Every so often a show comes around which receives an exceptional amount of hype and has the West End buzzing. Heathers is currently that show and the good news is that it truly lives up to it. Based on the 1989 film starring Winona Ryder, this musical adaptation is full of energy and humour as it balances the line between political correctness and incorrectness. We find ourselves drawn towards the darkness but also cringing at the atrocities that go on.

Laurence O'Keefe had huge success with his adaptation of Legally Blonde and has applied his winning formula once again to bring this show to life with a camp, sassy and at times melancholic score. The plot follows Veronica Sawyer, a girl who is 'different' to the others at her school and longs for unity between all cliques and social standings. However, in order to make it through High School, she befriends the rulers of the school, the "lipstick gustapo" made up of three girls named Heather. Our protagonist then meets a brooding new boy, Jason J.D Dean who turns out to be a kill happy psychopath. From there on there are deaths, parties, funerals and a whole lot of destruction.

When the movie came out in 1989 it became an instant hit and then received a cultish following when it opened off-Broadway in 2014. The show's transition to the West End has been no different as teens and young adults flood to the theatre with scrunchies in hair and  pleated skirts on to see this wildly fun but disturbing musical brought to life.



The entire cast bring this show to life with vivacious passion and immense talent. Leading the gang, Carrie Hope Fletcher is a powerhouse as she battles between what's right and wrong and what she wants to do to boost her social standing/love life. Carrie steps  on stage to well deserved cheers and blows the roof of with her entire performance, especially her new song I Say No which gives her a backbone and the rough Dead Girl Walking Reprise. Veronica's moments of strength are certainly where Carrie shines but she is also humourous and likeable as she swoons over JD.

Under Andy Fickman's direction, Jamie Muscato plays the mysteriously murderous JD with an intensity that you can't help but be drawn to. Whilst it's not wise to partner up with a murderer, we all love a bad boy and the combination of JD's smooth talking and Jamie's perfectly rough voice make us feel for him a little bit, even though he becomes a monster before our eyes. Muscato's frenetic energy in Meant To Be Yours is certainly a theatrical highlight of the year.

The three Heathers waltz around the stage as one but have quirky personality traits which are owned and embodied by each.
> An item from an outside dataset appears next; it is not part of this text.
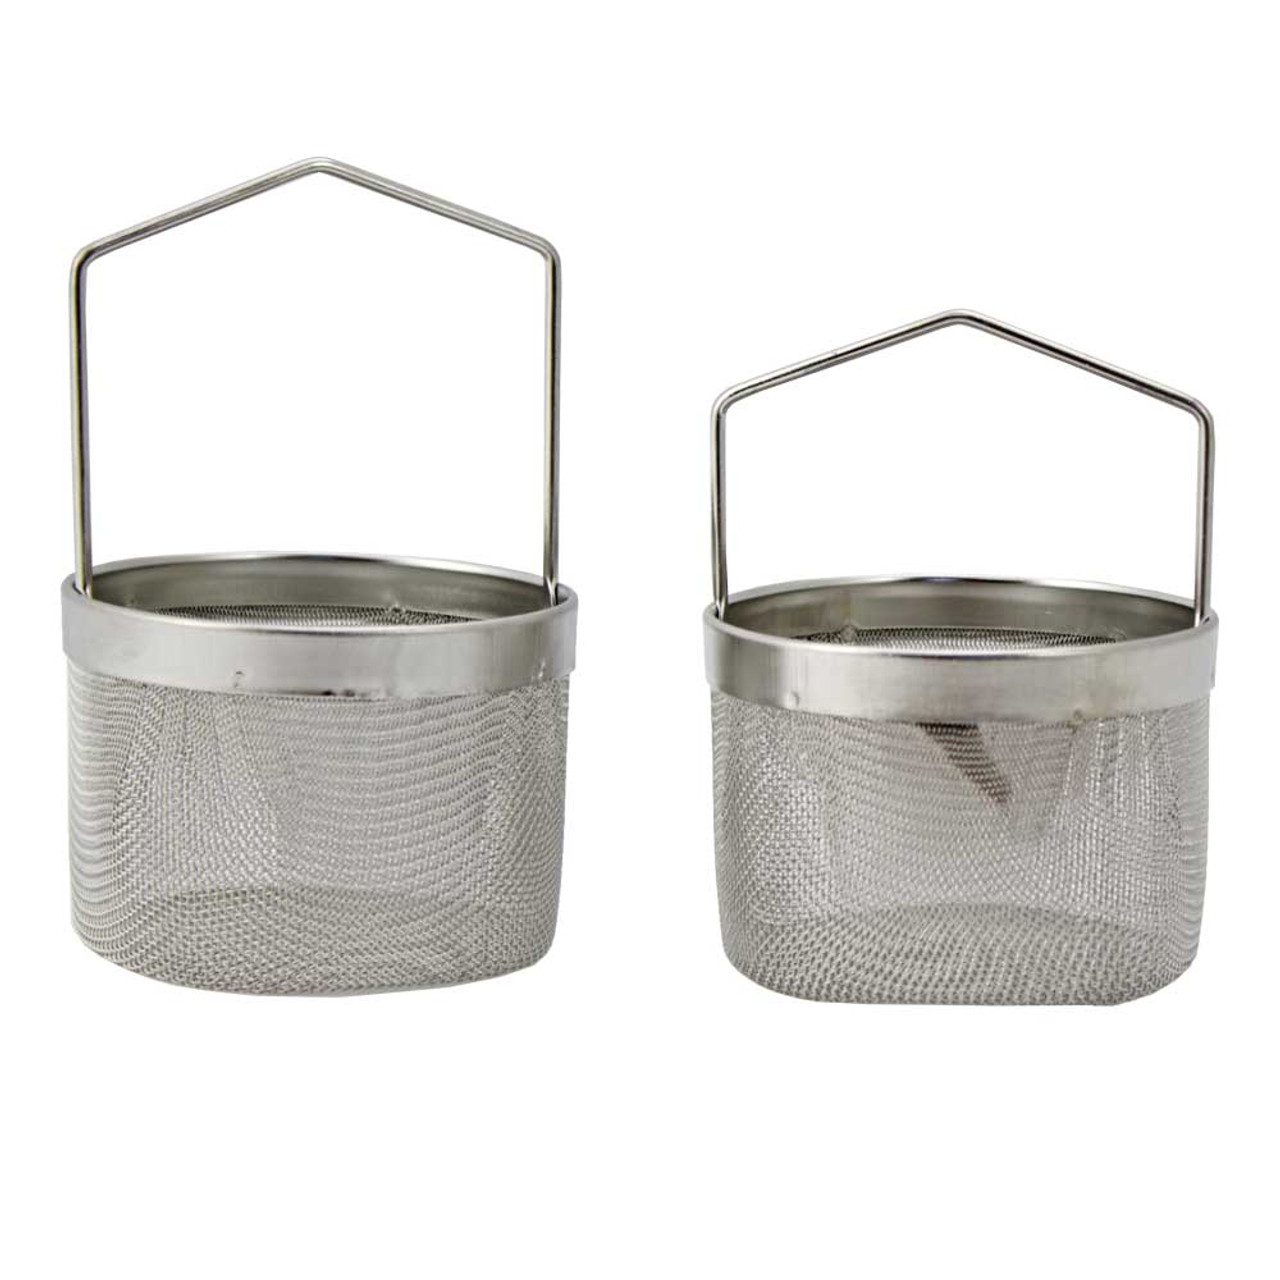 5 x 4 x 1.75 Stainless Steel Fine Mesh Ultrasonic Cleaner Basket Jewelry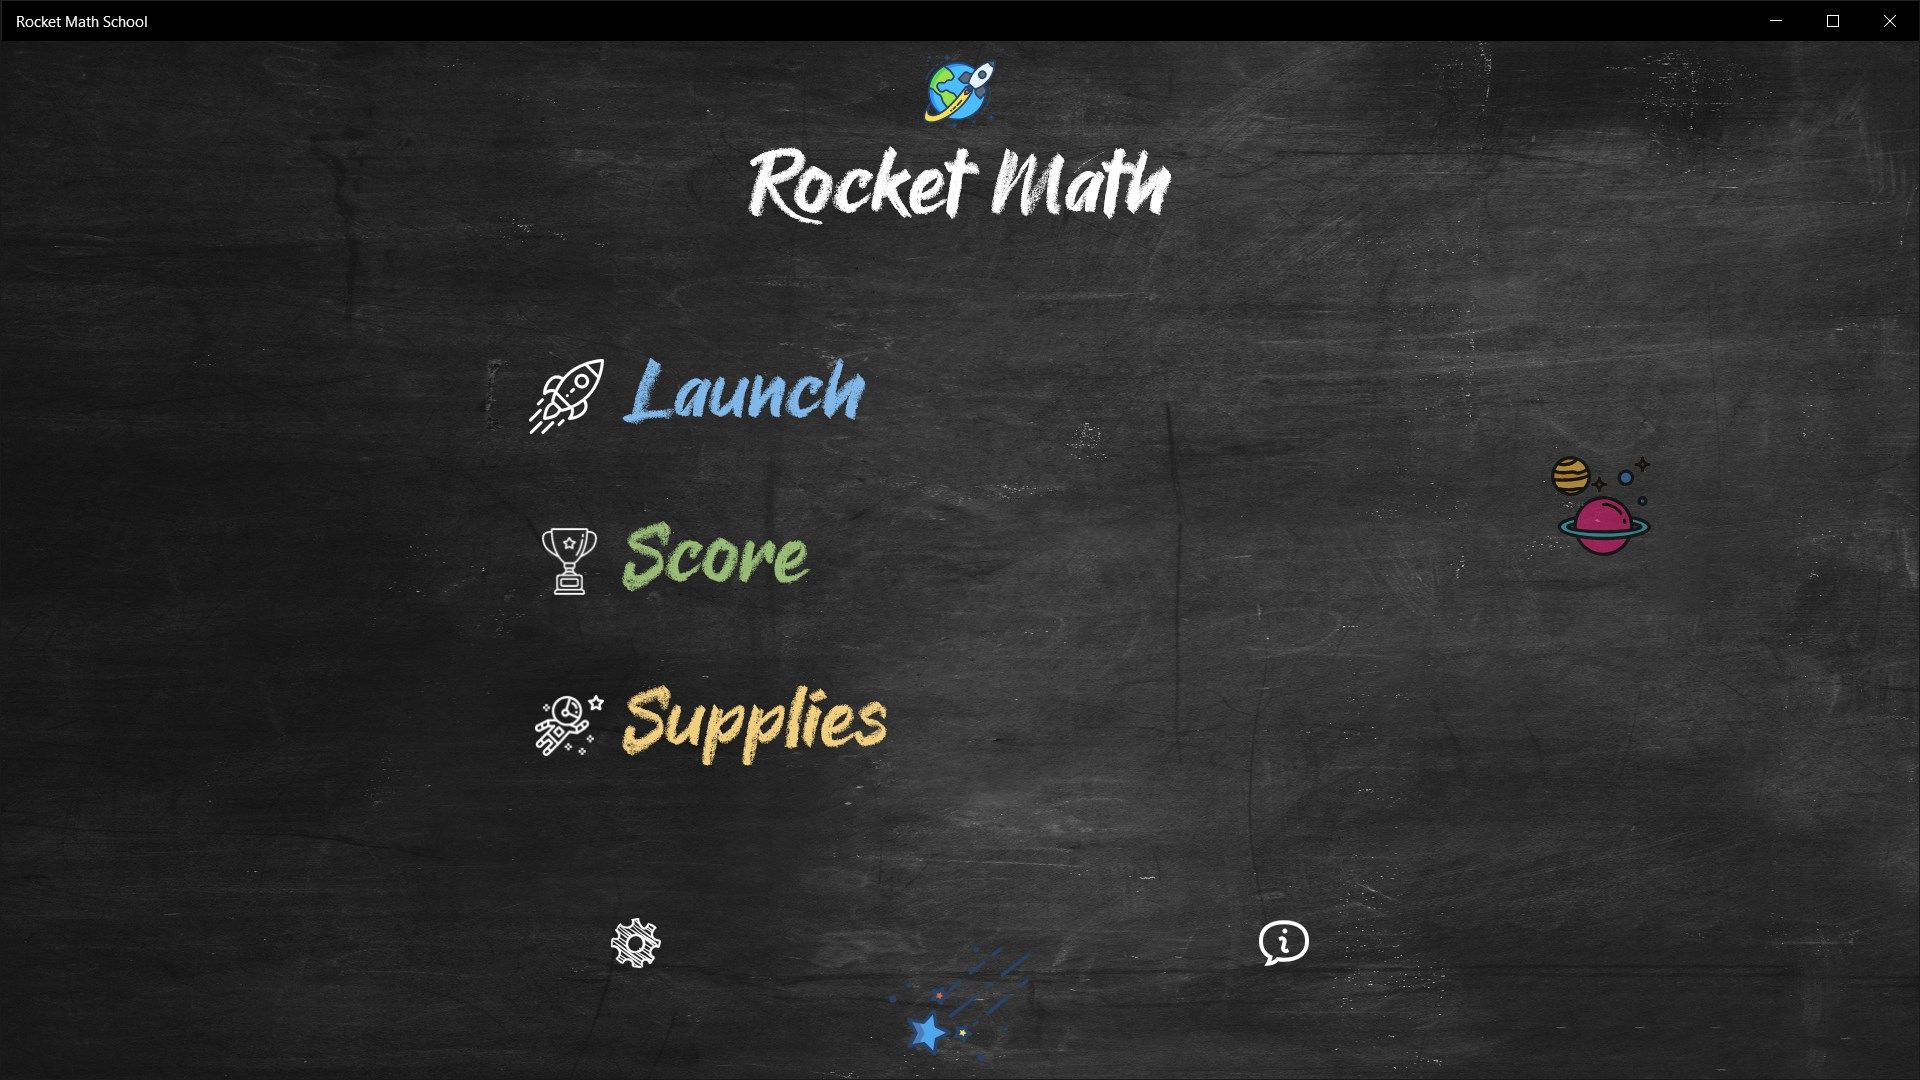 Rocket Math School

As leader of the pack, Heather Chandler who "floats above it all", Jodie Steele is brilliant. Her permanent scowl, sharp movements, sublime vocals and stellar comedic timing make her perfect for the role. Sophie Isaacs brings an innocence to Heather McNamara which is interesting to play out. Whilst she is part of the mean girl group, it's clear from the outset that she is merely following the pack and wishes to break away. Isaacs' rendition of Lifeboat is a pin-drop silence moment which stands out in the show. As the final Heather, Duke, T'Shan Williams is feisty and aggressive, with her solo Never Shut Up Again earning her laughs and cheers from the audience. 



Stand outs of the cast also include Jenny O'Leary who gives a moving performance of Kindergarten Boyfriend, Rebecca Lock who brings the entire theatre to life with her fiery, belt-tastic Shine a Light and Christopher Chung and Dominic Andersen who are humour embodied as the jocks who combine to create Kram. Ensemble members Lauren Drew and Olivia Moore also catch the eye throughout.

Gary Lloyd's choreography is especially effective with the Heathers, namely during the iconic Candy Store which sees them sashaying round the stage but in true Heathers style, being in complete control the entire time and never stepping out of sync with one another.

Mention must go to Ben Cracknell's lighting, which like the music, intensifies every emotion on stage. Particularly effective are the varying tones of light between the characters. The Heathers are of course lit in their iconic colours (brought to life vibrantly through David Shields' costumes) but whats most striking are the moments when Veronica is lit in warm spotlights whilst JD is basked in stark, almost grey tones. This highlights the contrast between the true evil and the kind-of-forced-into-evil in a clever way.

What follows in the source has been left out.